Родовые черты российской государственности, которые она сохраняет доныне, оформились, как мне теперь представляется, примерно в то же самое время, когда российские правители стали подражать Римской империи Востока и претендовать на преемственность с нею. Говоря о Римской империи Востока, я имею в виду государство, наследовавшее античному Риму и погибшее в 1453 году под натиском османских турок. В нашей историографии его принято называть Византией. Хотя название это искусственное, оно сгодится для обозначения тех родовых черт, о которых я повёл речь.
Первая из них — образ царя. Как его ни назови — царём, императором, генеральным секретарём, президентом — сама история велит ему обладать широкими полномочиями и вершить судьбы страны, иной раз переступая через закон, если он становится помехой. Почему образ? Потому, что царя в значительной степени делает его окружение. Классическими признаками русского царя обладали Иван IV Рюрикович и Пётр I Романов, Иосиф Сталин и Борис Ельцин. Несмотря на то, что результаты их деяний были различны.
Другая такая черта, соседствующая с первой — наличие некой страты, ставящей себя над страной, над государством, над законом. Ярче всего это проявилось в учинённой Иваном IV опричнине, которая всего-то просуществовала без году два десятка лет до его смерти, но оставила неизгладимый след в российском обществе.
Партия большевиков с её карательными органами, придя ко власти на сломе прежнего общественного уклада, целых семьдесят лет играла роль такой своеобразной опричнины, будучи выше советских органов власти и при всяком удобном случае игнорируя советские законы. Недаром Сталин так высоко оценивал историческую фигуру Ивана Грозного и высказывался — а следом за ним и «придворные» советские историки — о позитивной роли опричнины в установлении централизованной российской государственности.
Третья черта, которая делает возможным сохранение двух предыдущих — менталитет, коим современный российский обыватель не слишком отличается от посадских и крестьян времён Ивана Грозного.
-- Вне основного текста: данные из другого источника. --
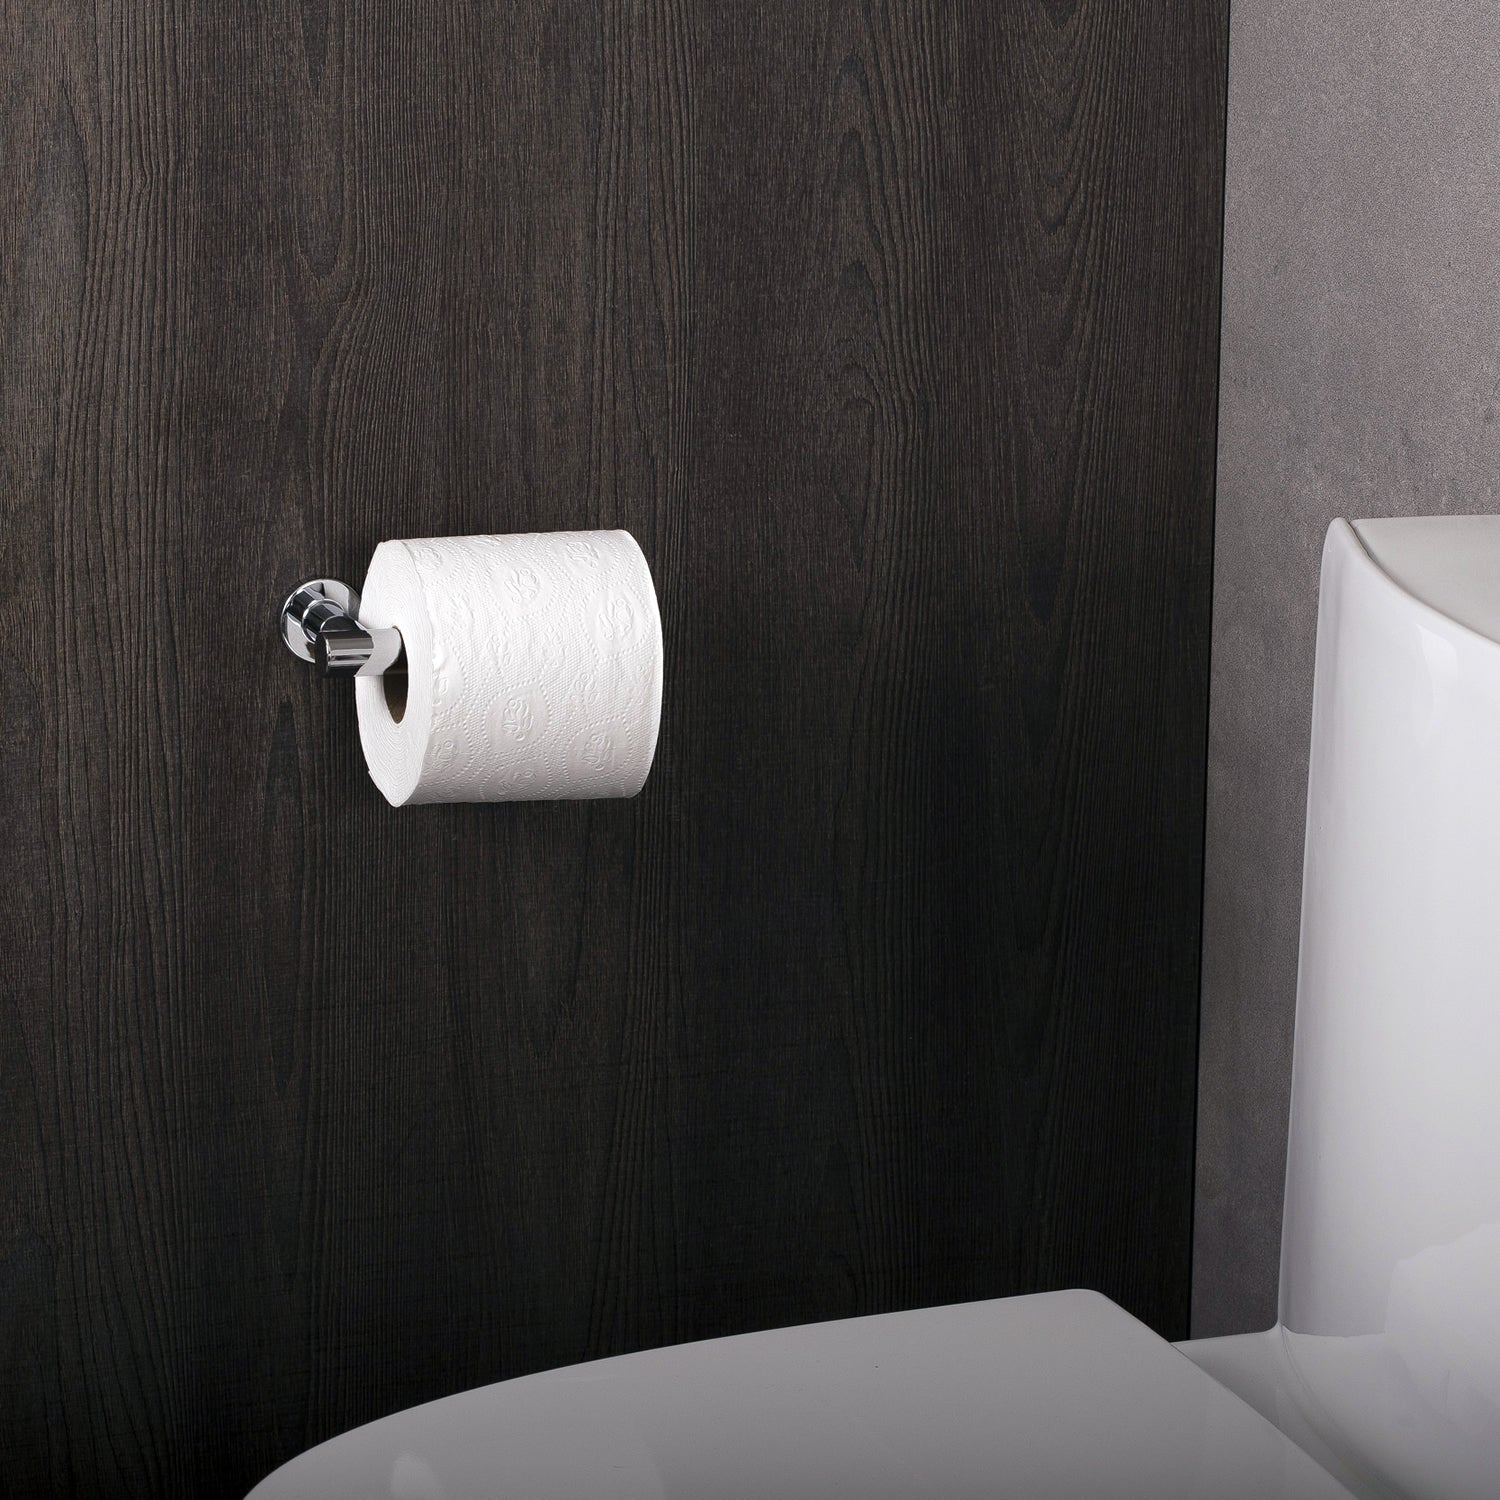 COSMIC Architect Toilet Paper Holder, Brass Body, Chrome Finish, 6-5/16 x 3-9/16 x 1-3/4 Inches (2050158)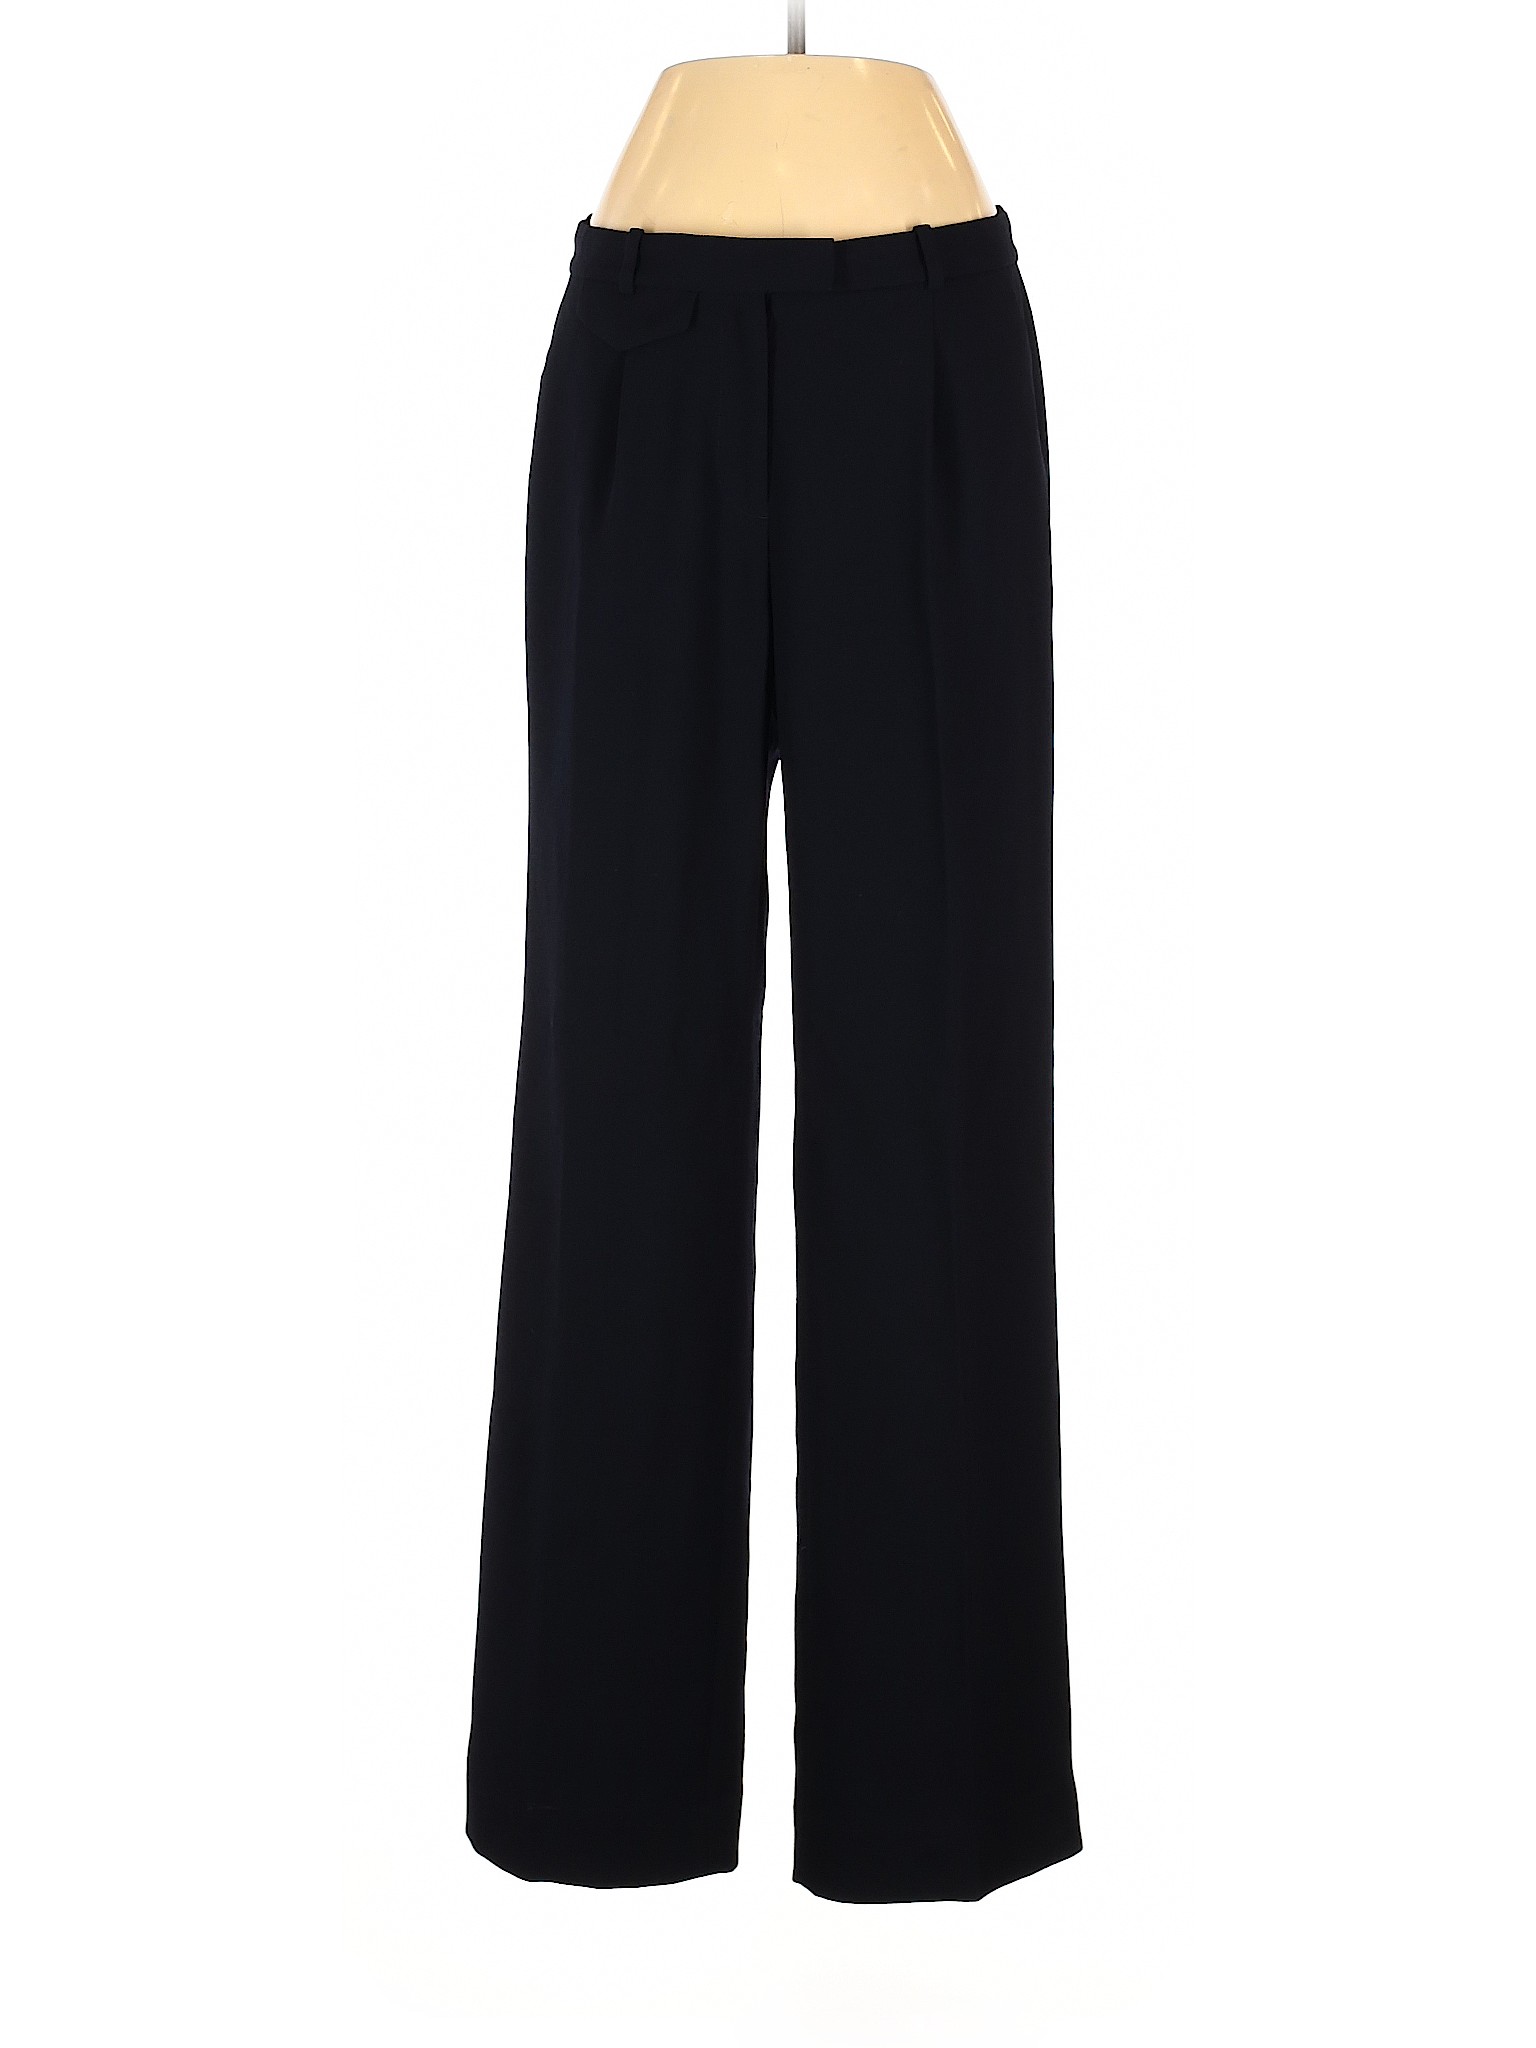 J.Crew Collection Women Black Dress Pants 4 | eBay

Будучи по натуре рабом, он склонен подворовывать у хозяев при всяком удобном случае, а перелезши из лаптей в сапоги и сам ставши хозяином, раскрывается в низкопошибности и мстительности по отношению к некогда равным себе. Раболепие перед начальством и самым высоким начальником — начальником всех начальников (см. образ царя) — заложено в него культурой и, быть может, даже генетически.
Вот эти родовые черты в совокупности я называю византийщиной. От своей страны я себя не отделяю, а потому чувствую, что и сам им не чужд. В них, как мне кажется, залог нашей политической стабильности.
Что можем мы предложить миру, кроме освящённой веками византийщины? Язык наполовину полон европейскими словами, культура подражает европейской, в то время как образ жизни остаётся азиатским. Обширные земли используем без особого проку: берём то, что даровано природой, и пускаем на ветер. Присоединили Крым, теперь Аляску хочется. На что тебе Аляска, обыватель? Чтобы привычно напакостить в хозяйских владениях, осквернив девственно чистые снега и льды банками из-под «Колы» да окурками «Мальборо», как на озере Байкал? Пусть византийщина остаётся продуктом для нашего внутреннего потребления.